An exact copy of the listing below is the answer, with the pictures removed.

Stored data Start Marker

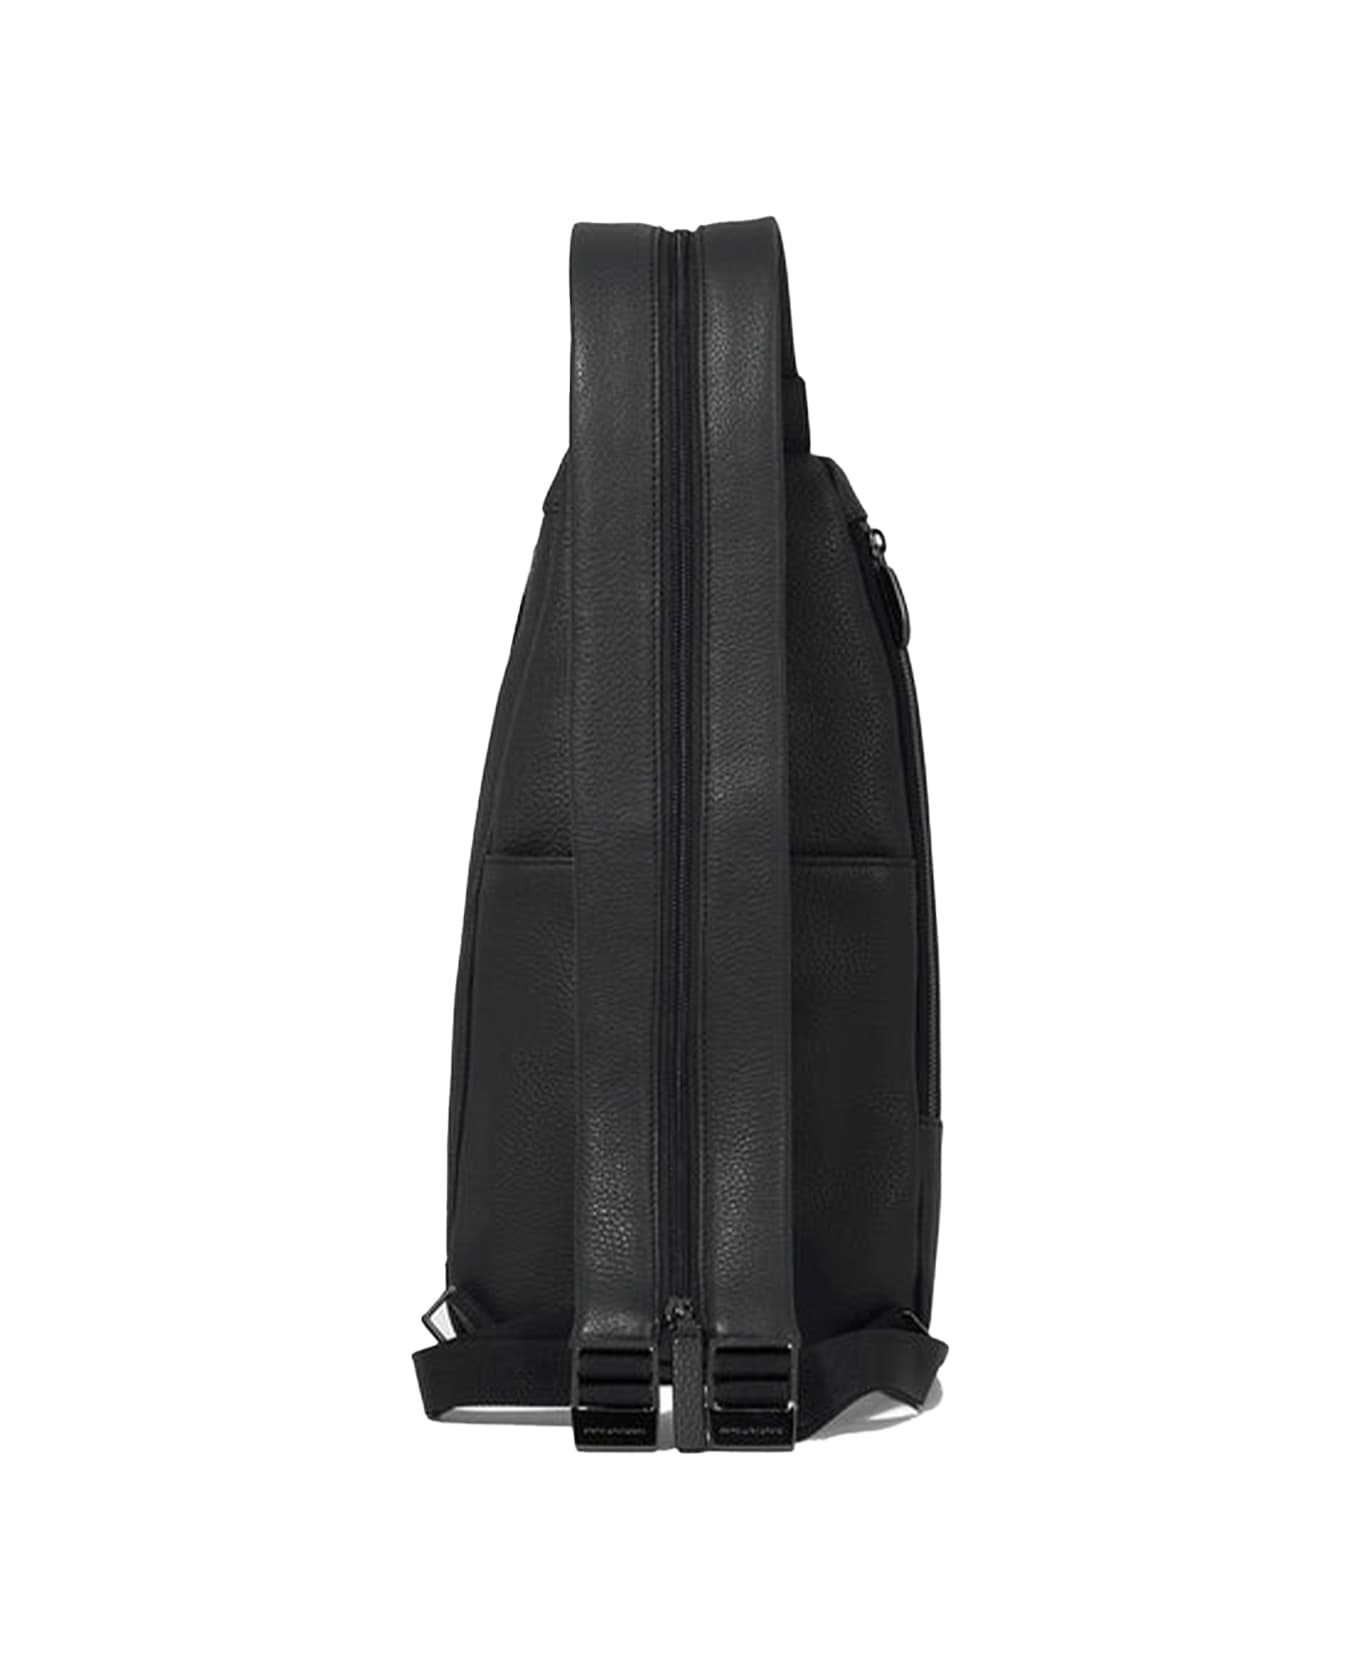 Piquadro Shoulder Bag For Ipad Mini, Portable As A Backpack - NERO ベルトバッグ
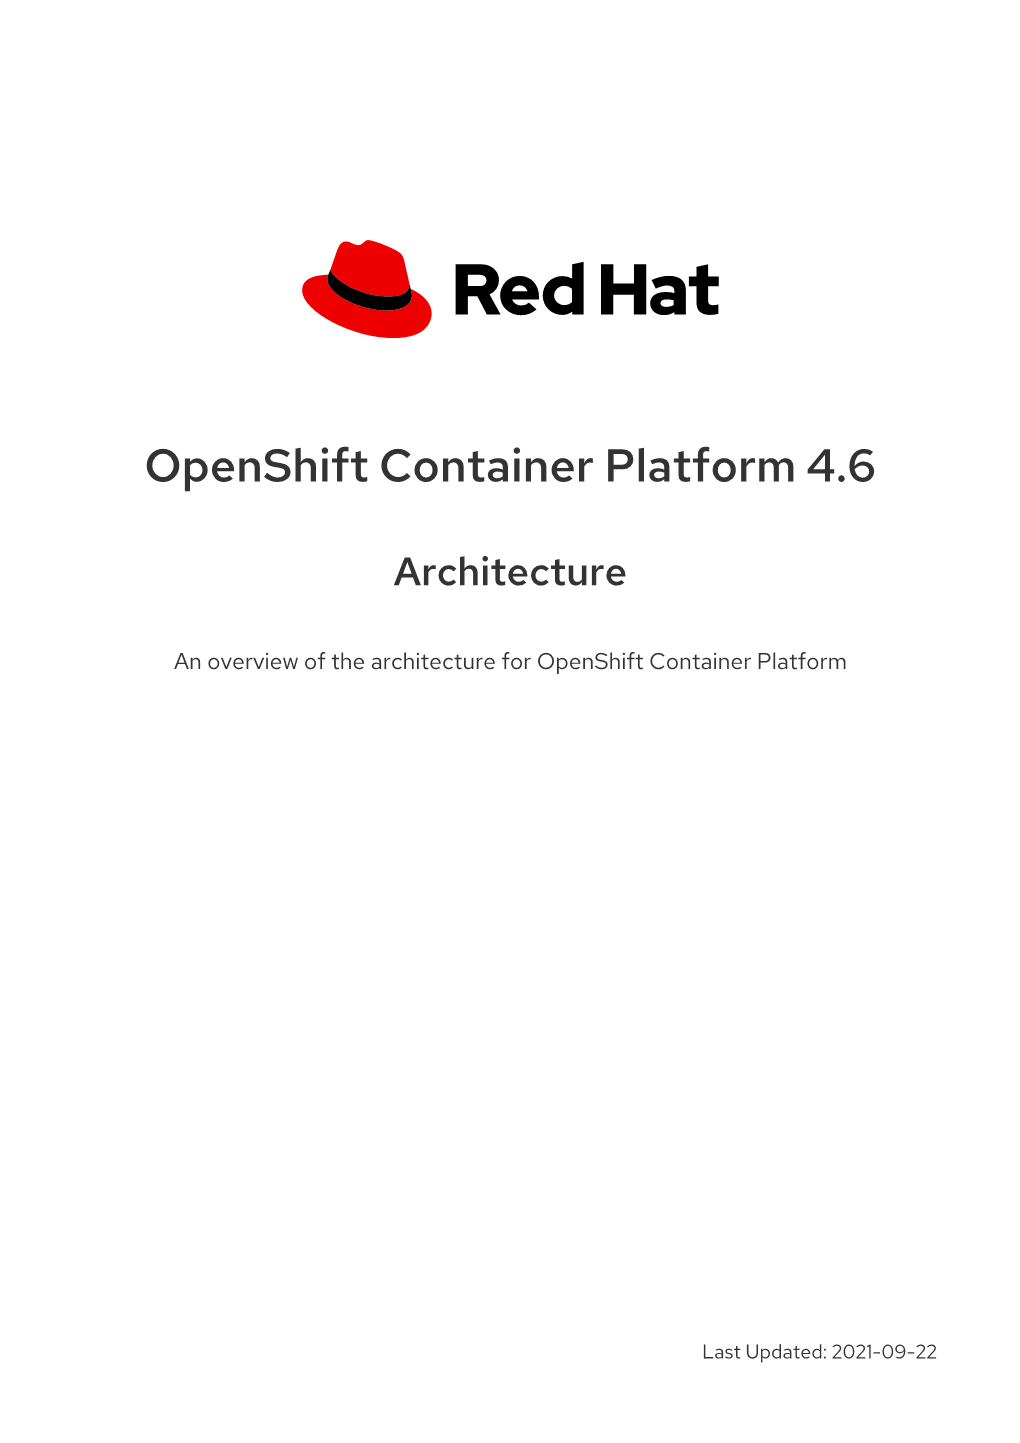 Openshift Container Platform 4.6 Architecture
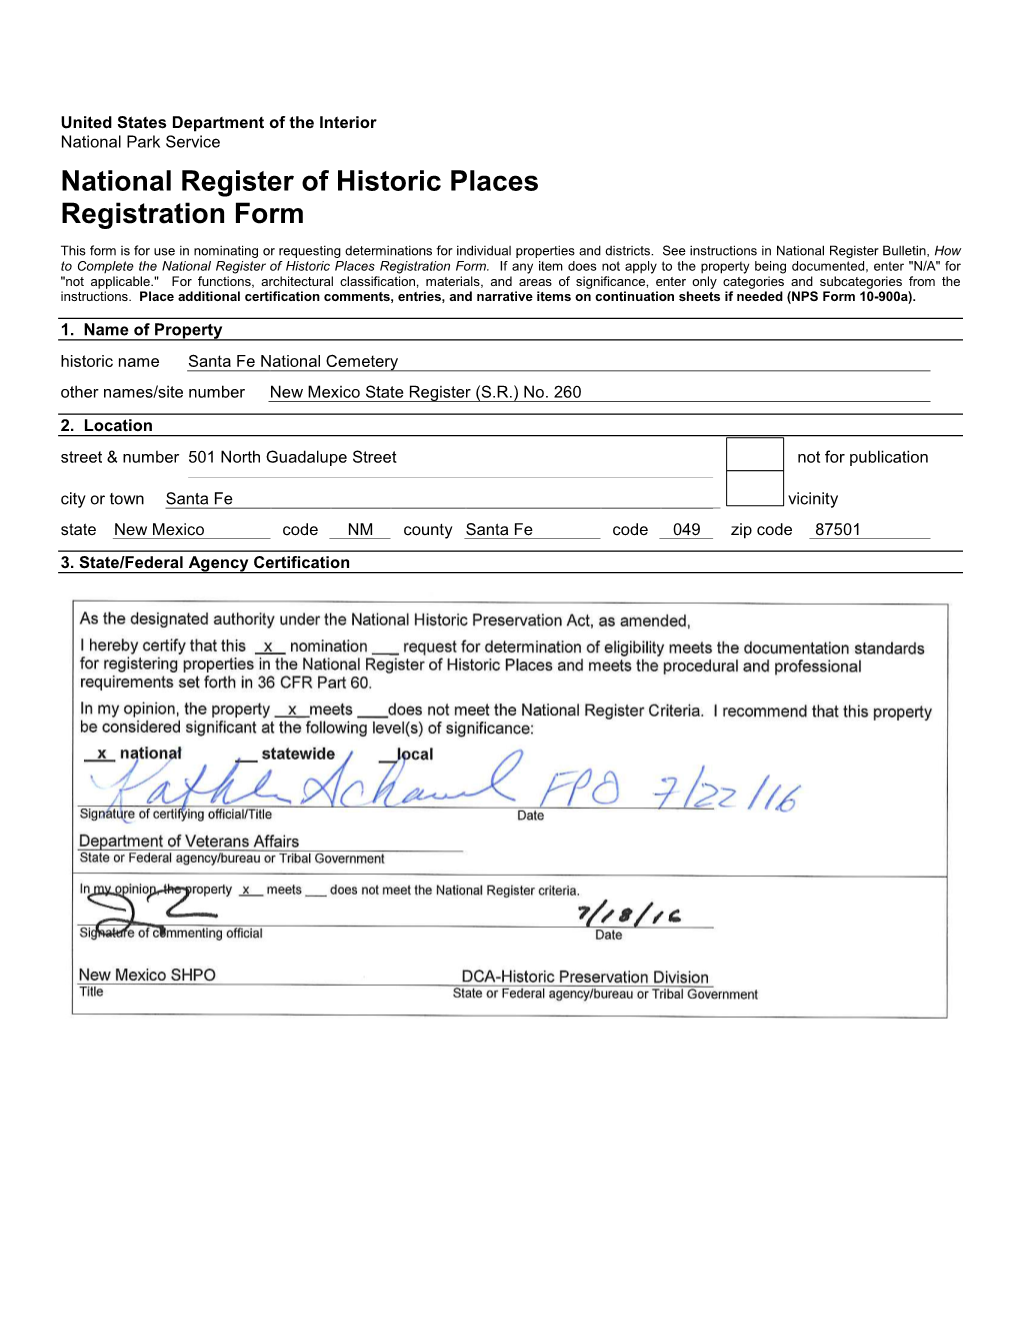 Santa Fe National Cemetery National Register Nomination

Stored data End Marker

Response for this exercise
 Piquadro Shoulder Bag For Ipad Mini, Portable As A Backpack - NERO ベルトバッグ
 Openshift Container Platform 4.6 Architecture
 Santa Fe National Cemetery National Register Nomination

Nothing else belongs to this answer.